Apple Patent Application Could Lead to Portable User Accounts

by , 1:50 PM EDT, September 19th, 2008

An Apple patent filing, which was posted by the U.S. Patent and Trademark Office on August 21, described improved approaches for enabling portable user accounts. The result is that a user could carry the entire account and home directory on a portable device.

The inventors were cited as Robert T. Bowers in Cupertino and Steve Ko in San Francisco, and the initial filing was April 28, 2008.

The abstract for the patent says:

"A user account created at a multi-user computer can be stored to an external, portable data store, thereby rendering the user account portable. The multi-user computer system, e.g., through its operating system, locates user accounts on not only in local storage of the multi-user computer system, but also in any removable data storage attached to the multi-user computer system. Hence, by coupling the external, portable data store to another multi-user computer, a user is able to login to any supporting multi-user computer and be presented with their user configuration and user directory.

"Since the data store that stores the user account is not only external but also portable, a user can simply tote the data store to the location of different multi-user computers. In one embodiment, the external, portable data store can not only store the user account but can also provide general data storage. In another embodiment, the external, portable data store can be a portion of a portable computing device (e.g., media player) that provides other functionality besides data storage."
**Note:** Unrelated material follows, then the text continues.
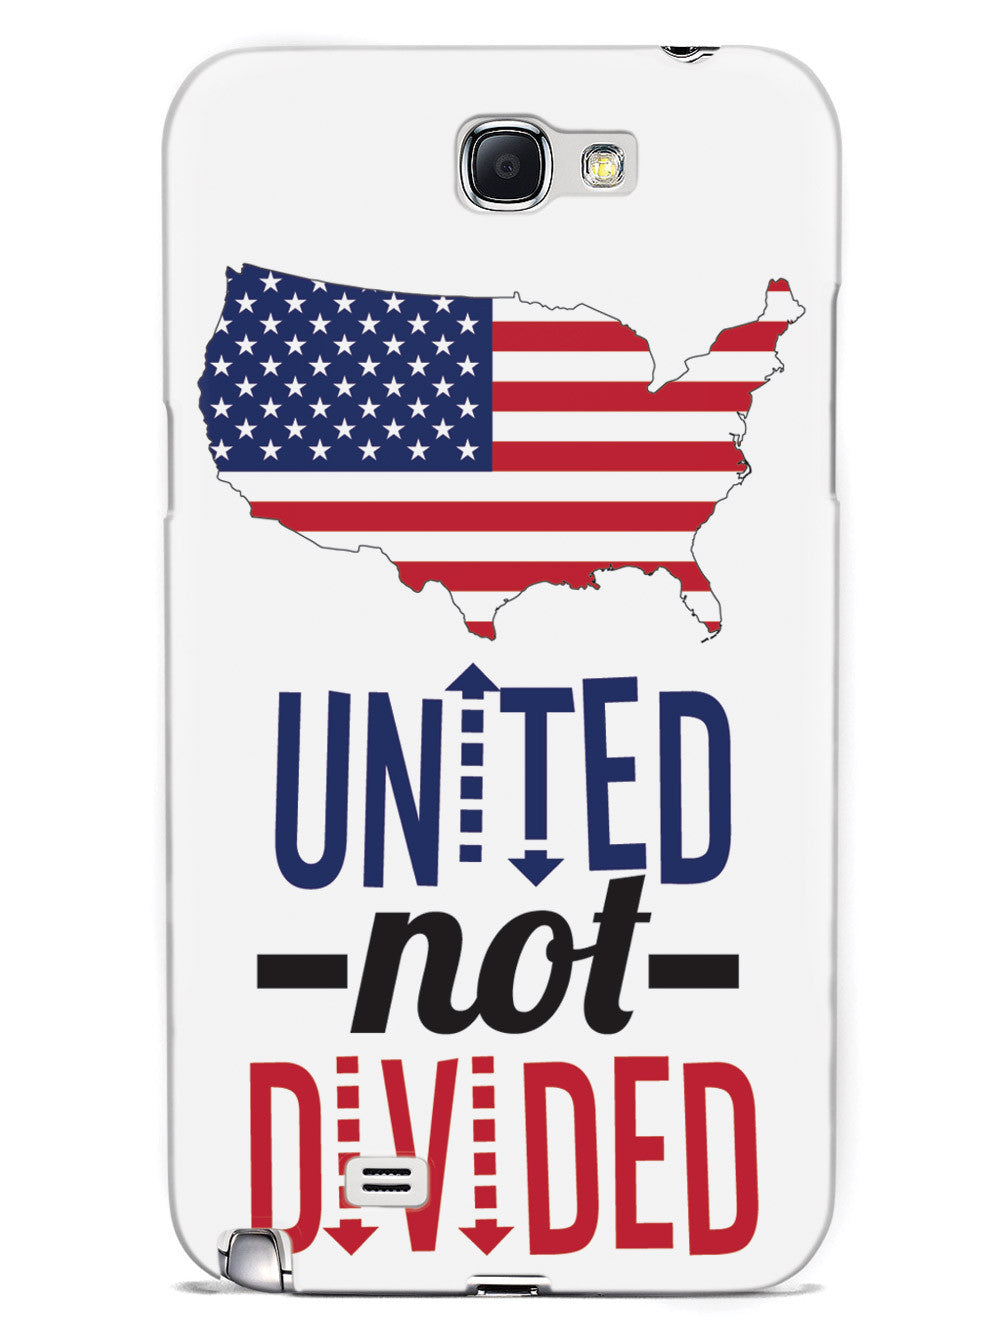 USA - United NOT Divided - White Case

The patent acknowledges that a few sophisticated users have modified the operation of existing Mac OS X systems to enable so-called portable user accounts, but it requires specialized tools. "Thus, there is a need for improved techniques to enable user accounts to be portable such that a user can carry their user account with them and login to any multi-user computer system that supports portable user accounts," the filing states.

The patent goes on to describe the technical details required to implement this functionality.

Note that this is not quite the same as Apple's Portable Home Directory (PHD) feature available since OS X 10.4. In PHDs, a user can log into his or her account from any Mac on the network and access personal data and settings on a server. In contrast, with portable user accounts, a user could have the entire account and home directory on a portable device -- hard disk or flash drive. After connection to a host that supports the protocol, the portable account is treated it as a standard user account. That requires little more Unix finesse.